When There’s No There There

At first glance, Ishtar had the makings of a blockbuster success. It had big-name unquestionably talented stars in Warren Beatty and Dustin Hoffman. It had a glamorous setting in the Moroccan desert. It had musical numbers. Comedy. Special effects. 

So why then did the 1987 film become such a notoriously extravagant flop? 

In short, there was no there there. There was no foundation to hold the film together, no red thread to tell a compelling narrative.

“The movie cannot be said to have a plot,” critic Roger Ebert wrote. “It exists more as a series of cumbersome set pieces, such as the long, pointless sequence in the desert that begins with jokes about blind camels and ends with Hoffman and Beatty firing machineguns at a helicopter. It probably is possible to find humor in blind camels and helicopter gunfights, but this movie leaves the question open.”

The problem, in other words, was that the content was far too thin and ill-defined to support the endeavor. And as a result, the film’s investment and the stars’ considerable talent was wasted.  

That mistake is not just the purview of big-budget films; it’s one of the biggest missteps we find in live events, too. 

Particularly when planning B-to-B and internal meetings and events, marketers confront the temptation to wow their guests, perhaps fearful that without enough of the proverbial song and dance, they’ll lose interest or decline to attend.
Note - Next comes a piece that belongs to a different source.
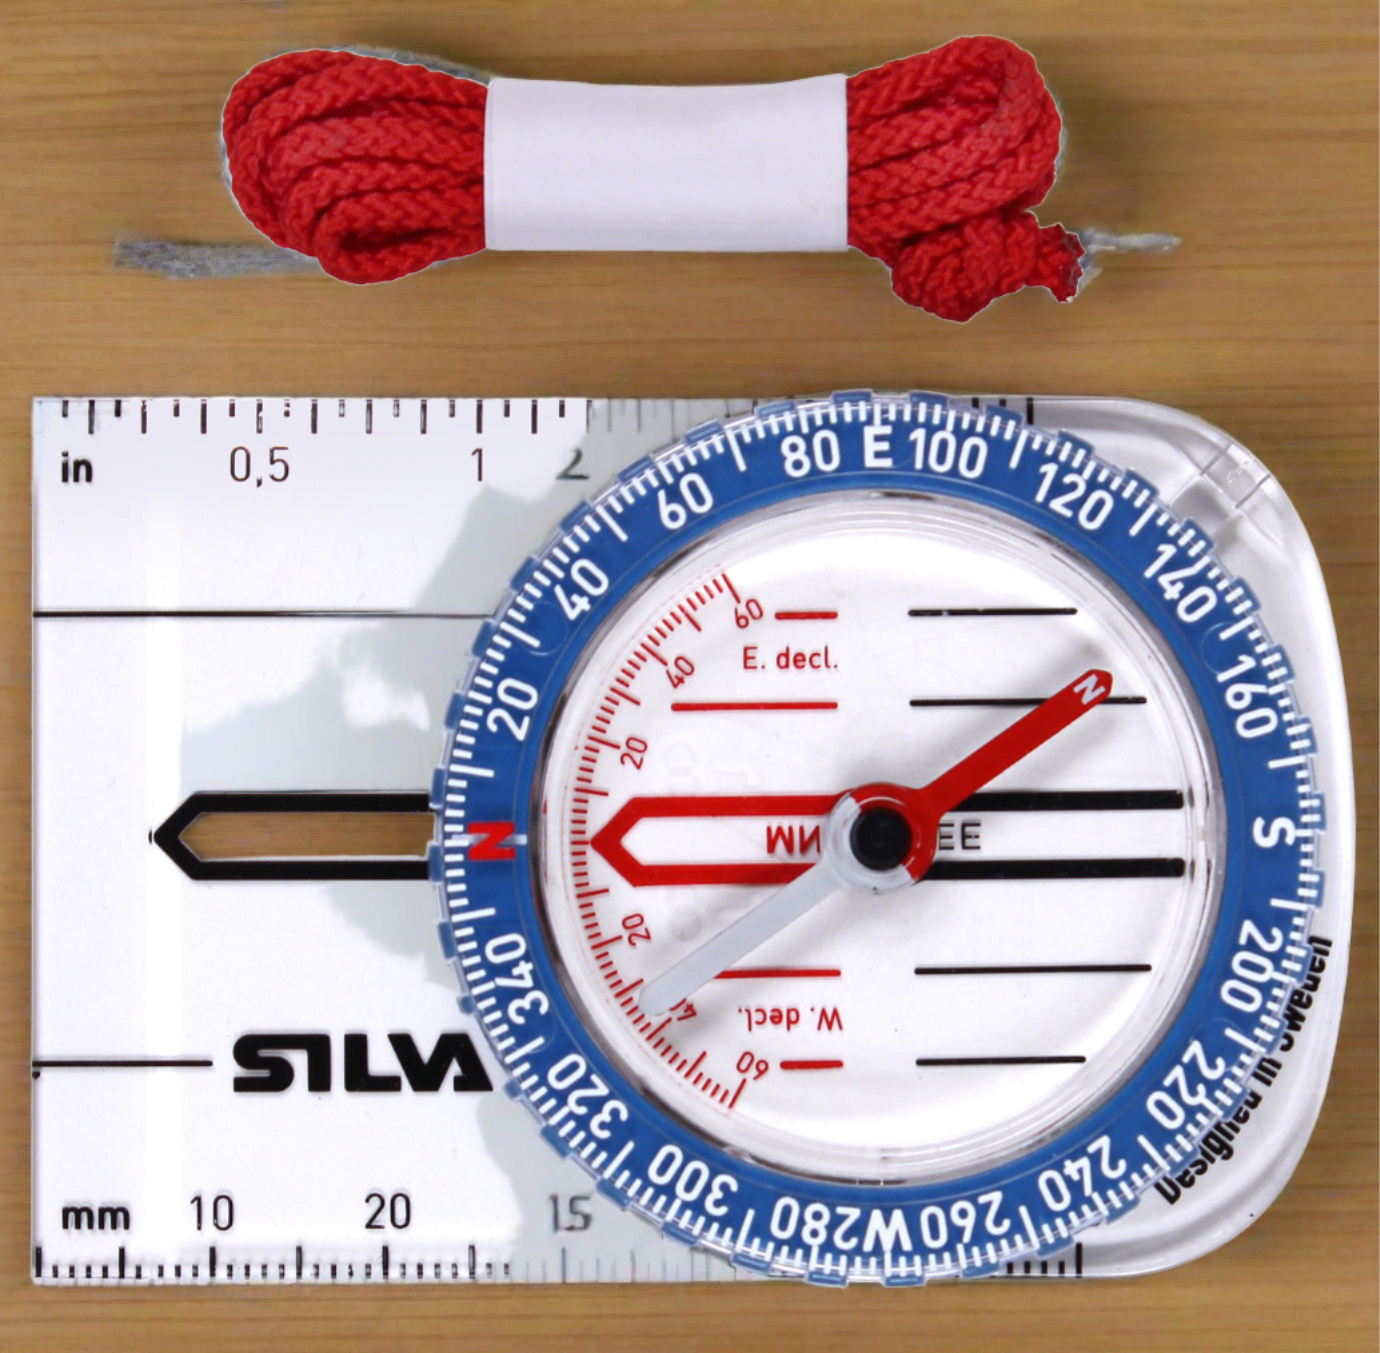 Compass - Silva Starter 1-2-3 Compass

These marketers become laser-focused on the latest technology instead of the purpose that technology solves; the big-name entertainment rather than the camaraderie it’s designed to promote; the dramatic staging and lighting, rather than the message it’s intended to deliver.

The result: They get the splashy affair, but they don’t advance — and indeed sometimes they dilute or distract from — the brand and business messages they intend to deliver.  It’s the event marketing equivalent of Ishtar’s $14.4 million gross on a $55 million budget — not the kind of ROI anyone wants to see. 

To avoid such a fate, marketers should focus squarely on the content they intent to deliver:

  • Adopt a communications mindset, rather than an executional one. Excess can be glamorous to produce, but it only works if it serves the end game, clearly and authentically.
  • Replace borrowed interest with intrinsic interest. When employing theatrics, ensure they link directly, organically to the content you’re intending to deliver.
  • Define a clear message — and stick to it. Every touchpoint should align with the creative throughline, brand identity, and business objectives.
  • A content-first approach doesn’t eliminate the role of theatrics — indeed, theatrics can be very powerful when employed strategically — but it ensures we remain squarely focused on achieving communications objectives and in turn maximizing ROI.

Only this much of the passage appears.